#### [What to work on]
Output the data in full. Keep every word exact and exclude the pictures.

#### [Input data]
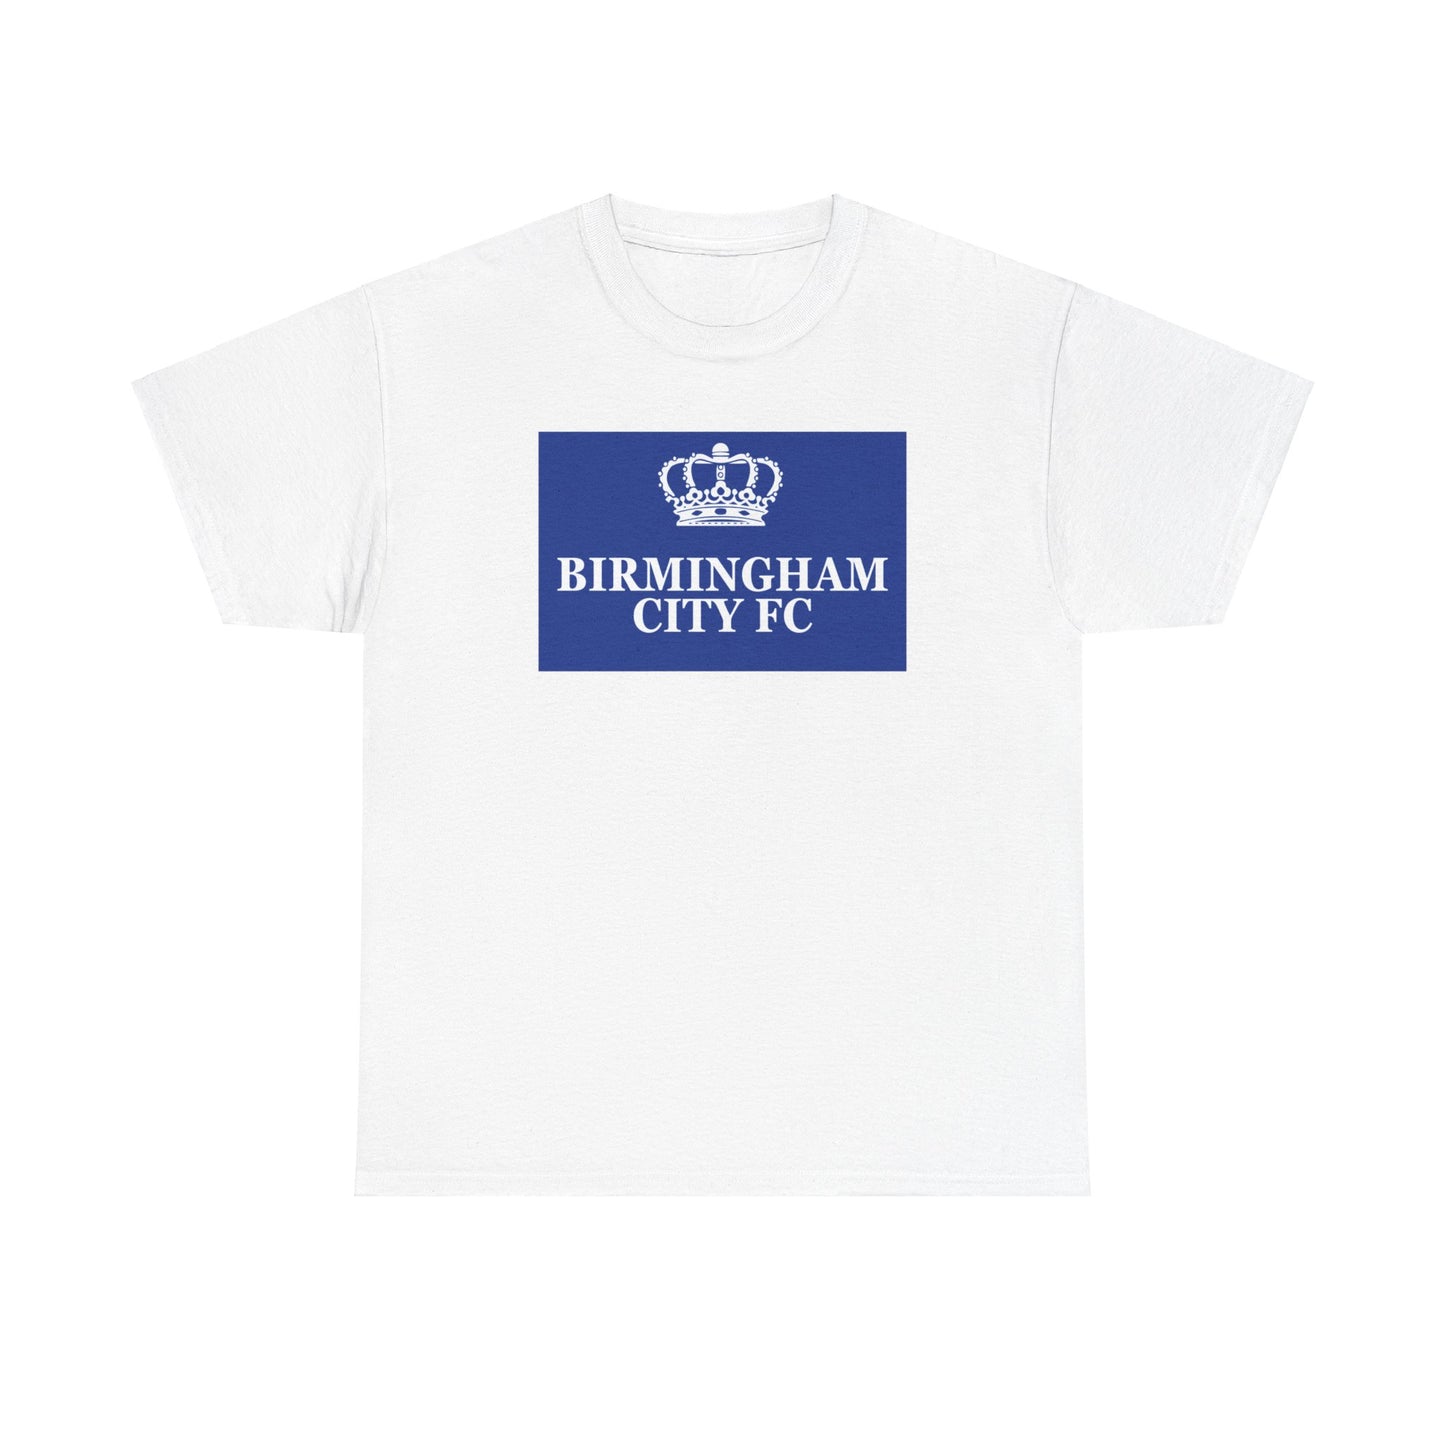 Dupe It Birmingham City FC x Offender Inspired Tee - Urban Style Meets Blue Pride
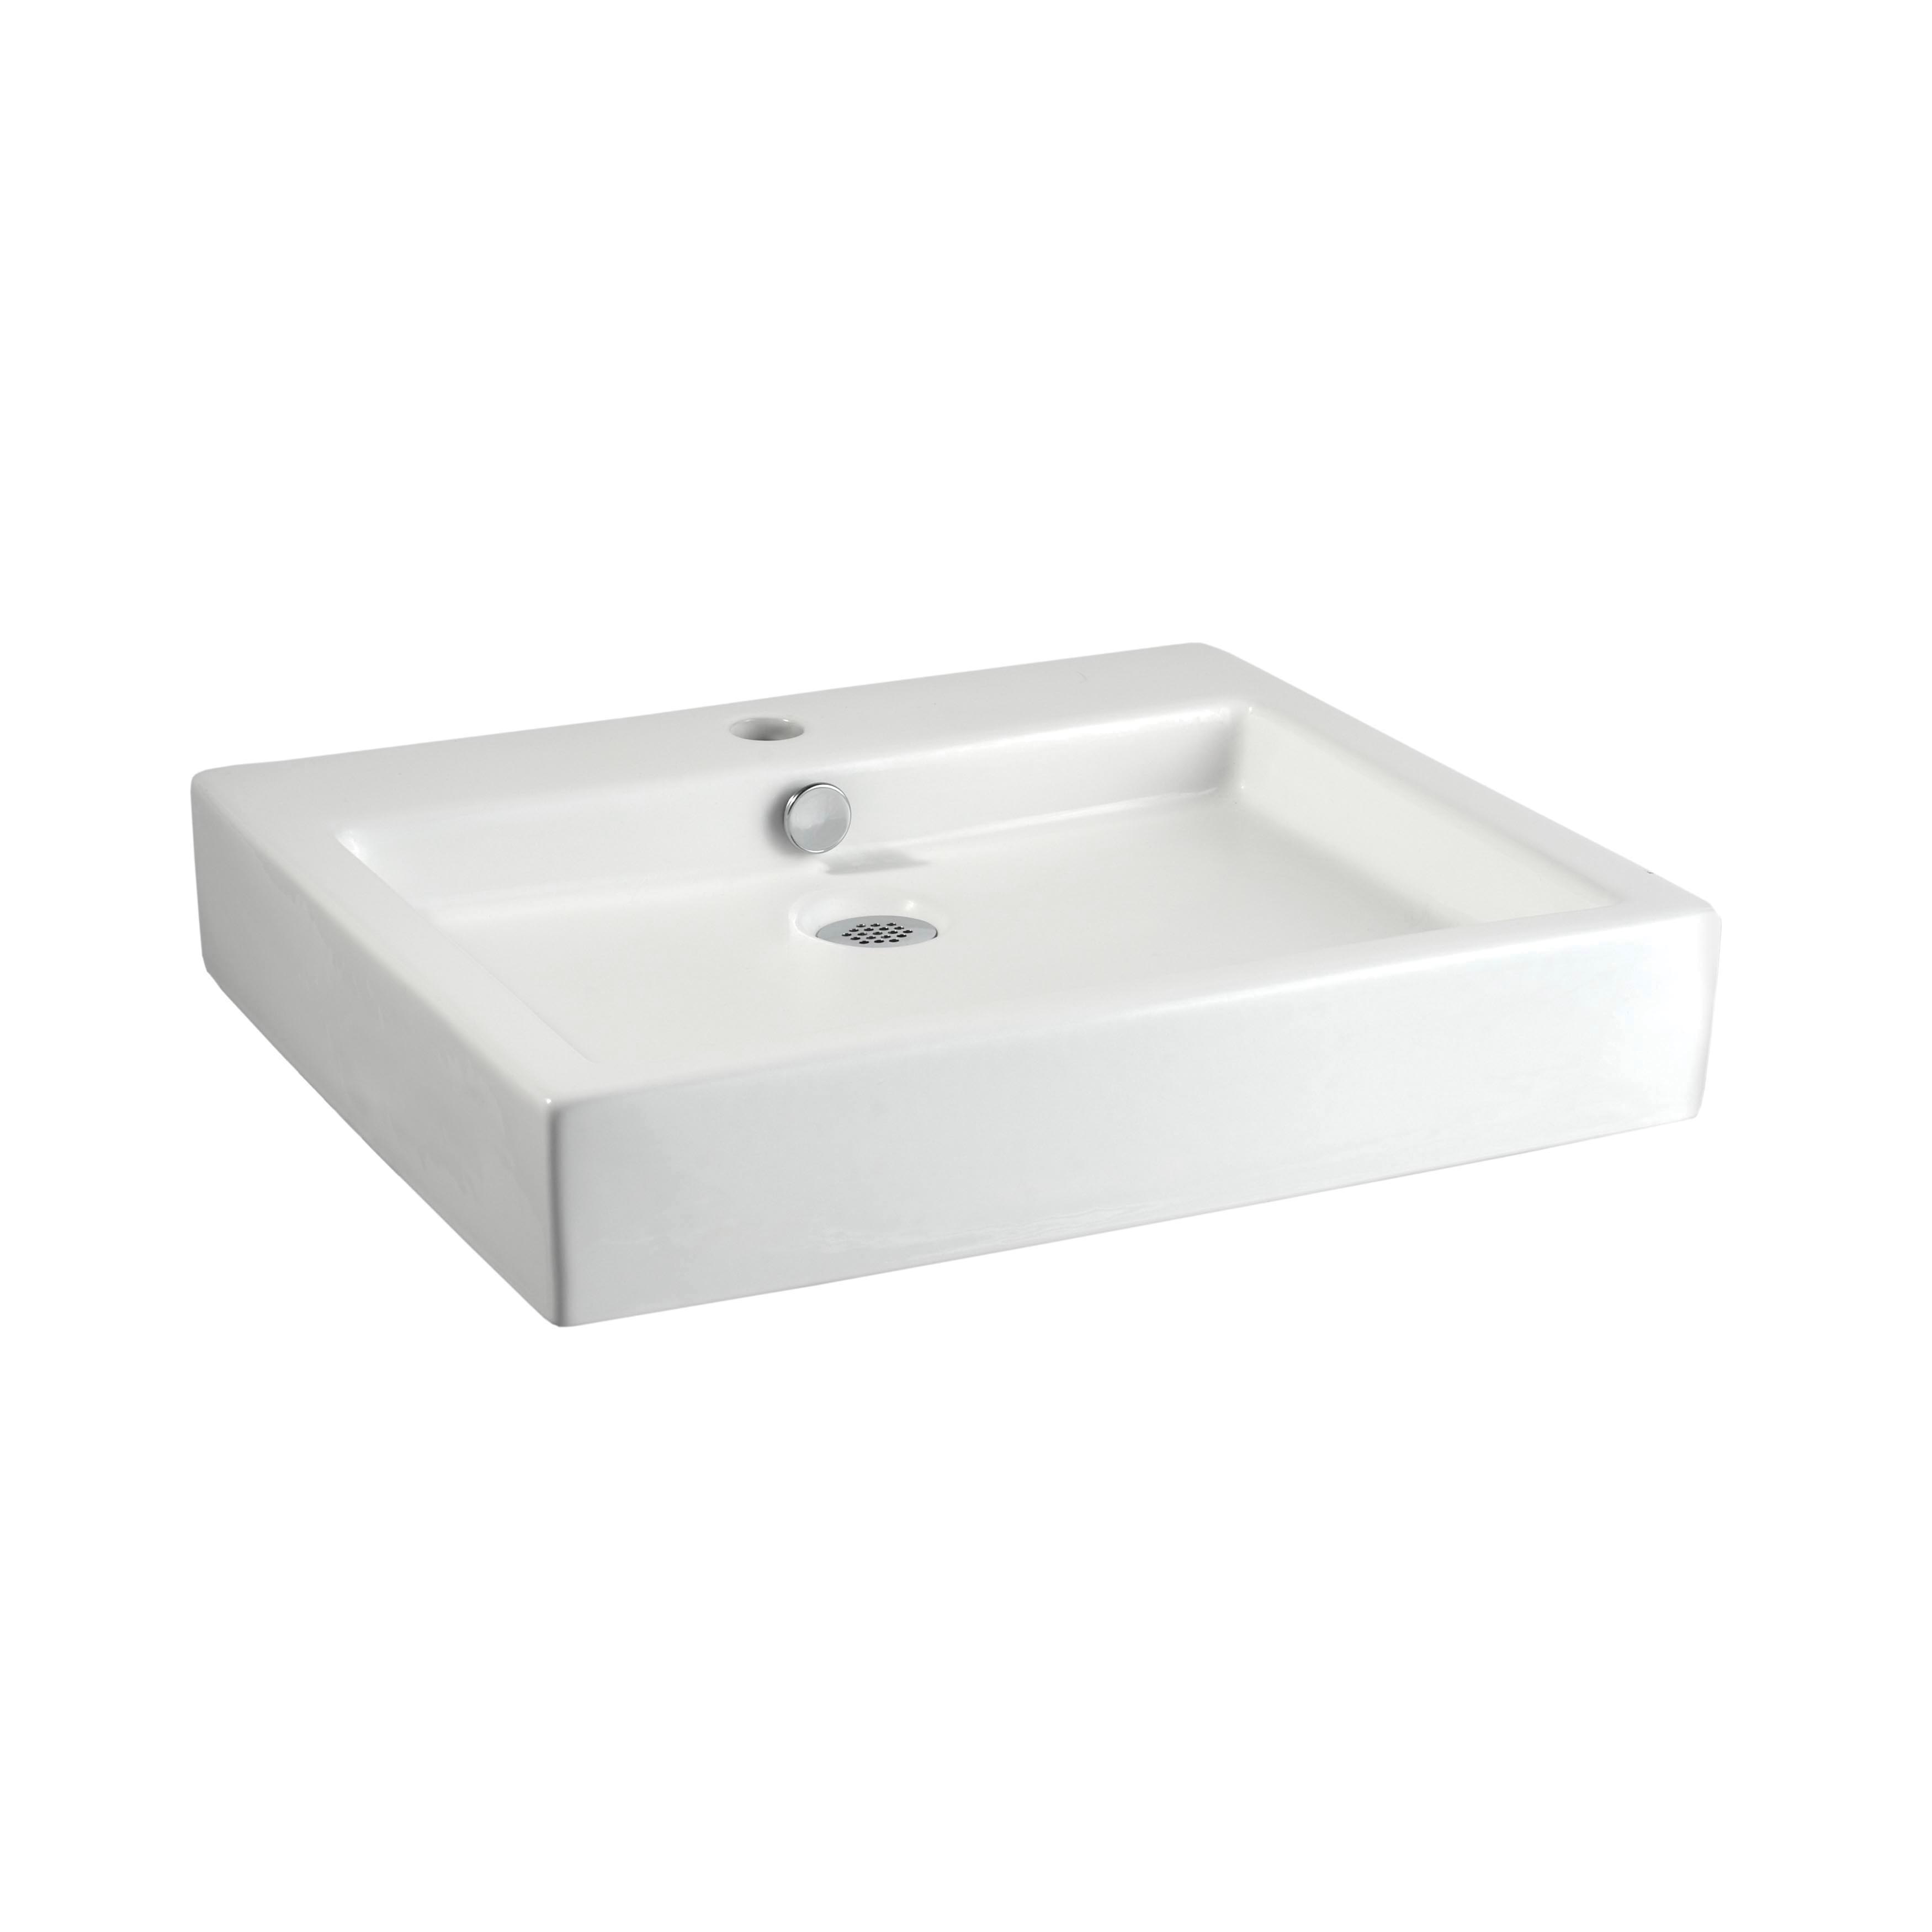 American Standard 0621.001.020 Studio™ Suite Lavatory Sink With Rear Overflow, Rectangular, 22 in W x 4-1/2 in D x 18-1/2 in H, Above Counter Mount, Vitreous China, White, Import
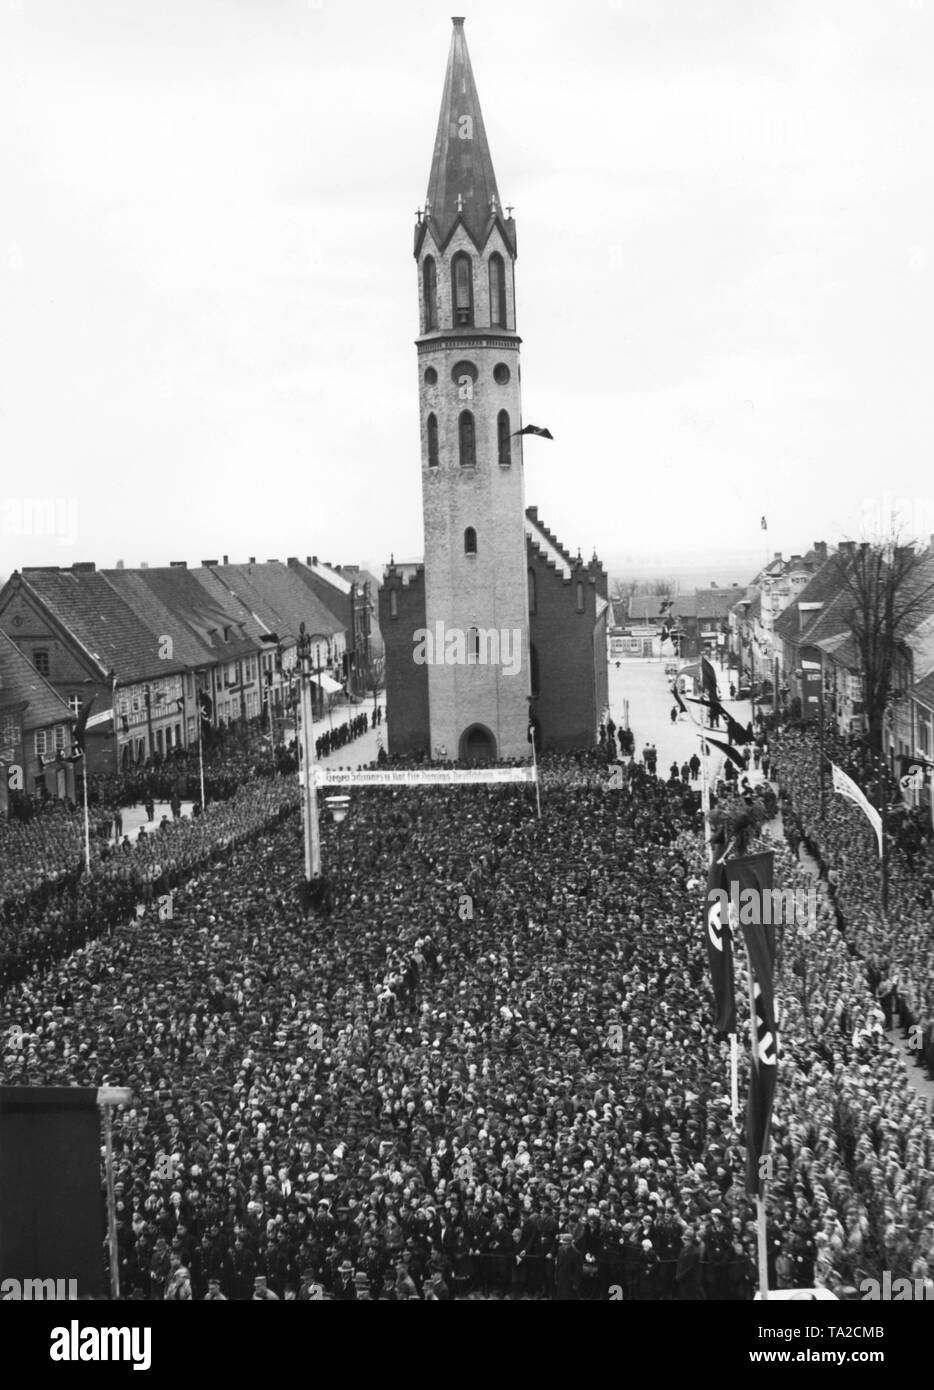 Propaganda Minister Joseph Goebbels speaks to people in Neuteich, a community in Gdansk, on the occasion of the Volkstag (parliamentary) election. Stock Photo
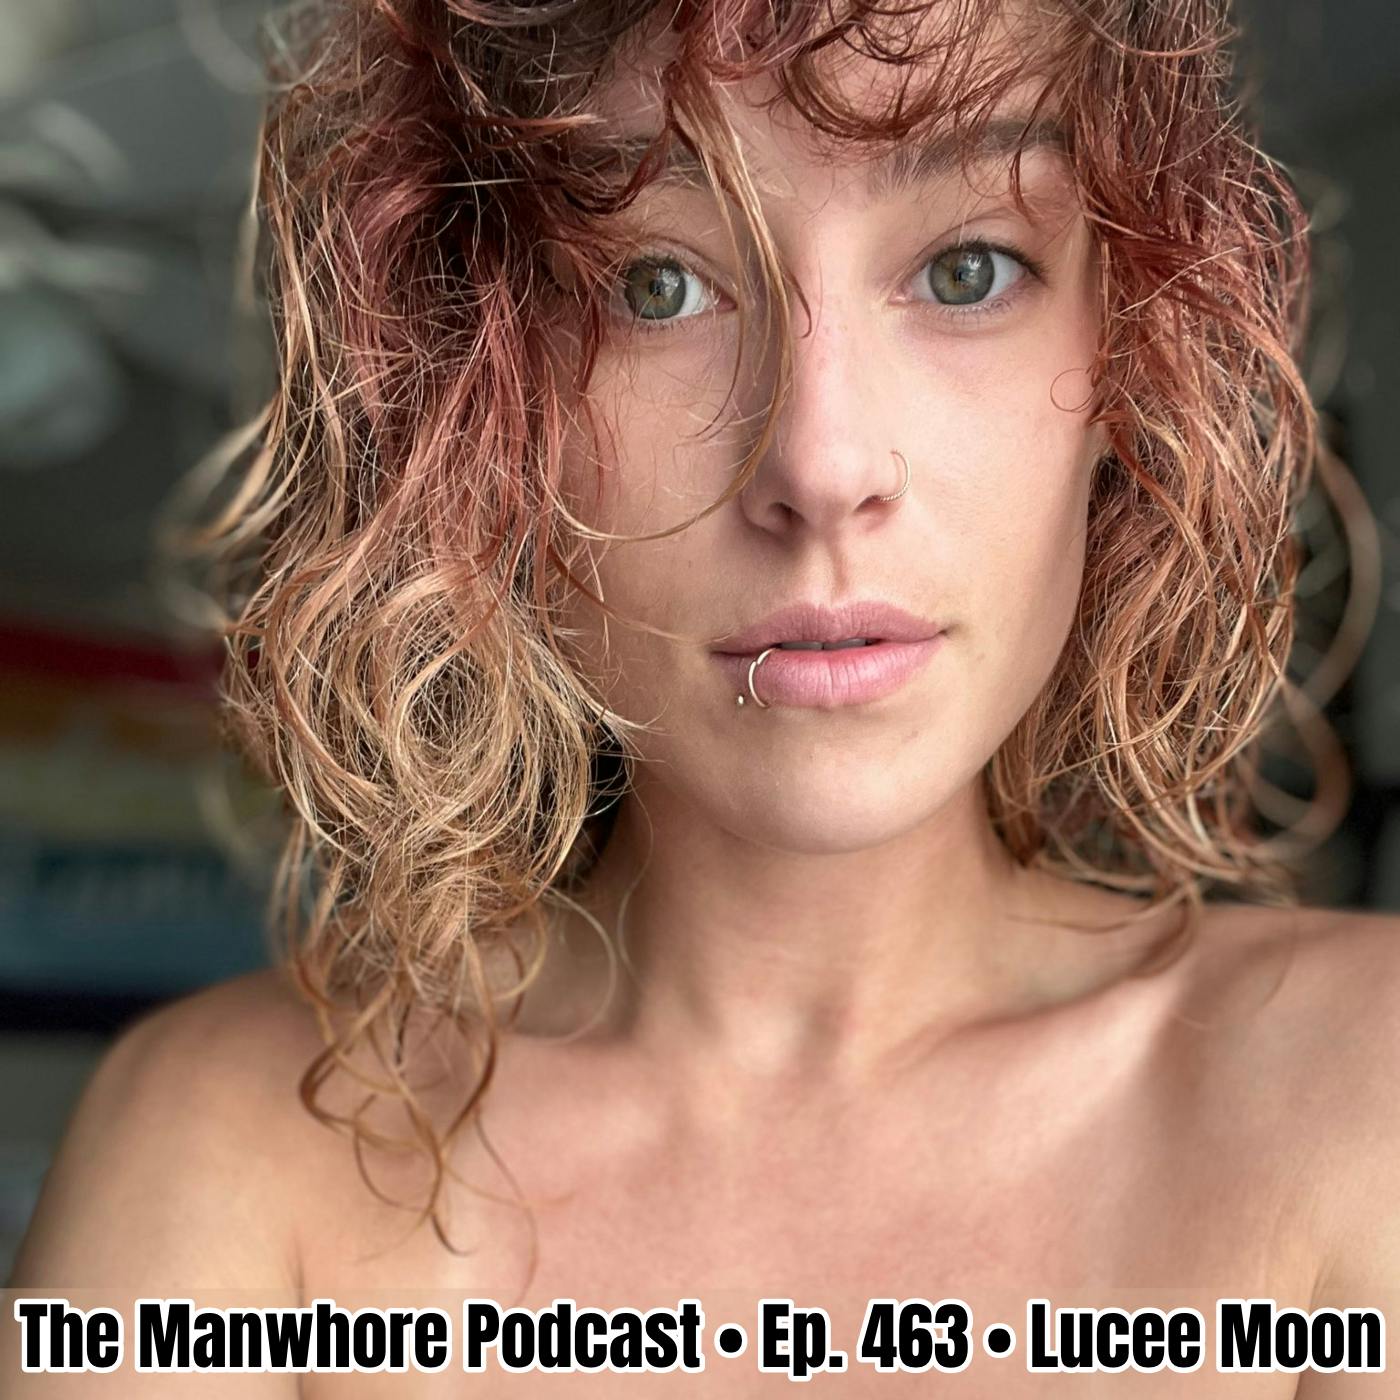 The Manwhore Podcast: A Sex-Positive Quest - Ep. 463: Lucee Moon Doesn&#x27;t Fuck Me Anymore

#### [Answer space]
 Dupe It Birmingham City FC x Offender Inspired Tee - Urban Style Meets Blue Pride
 American Standard 0621.001.020 Studio™ Suite Lavatory Sink With Rear Overflow, Rectangular, 22 in W x 4-1/2 in D x 18-1/2 in H, Above Counter Mount, Vitreous China, White, Import
 Propaganda Minister Joseph Goebbels speaks to people in Neuteich, a community in Gdansk, on the occasion of the Volkstag (parliamentary) election. Stock Photo
 The Manwhore Podcast: A Sex-Positive Quest - Ep. 463: Lucee Moon Doesn&#x27;t Fuck Me Anymore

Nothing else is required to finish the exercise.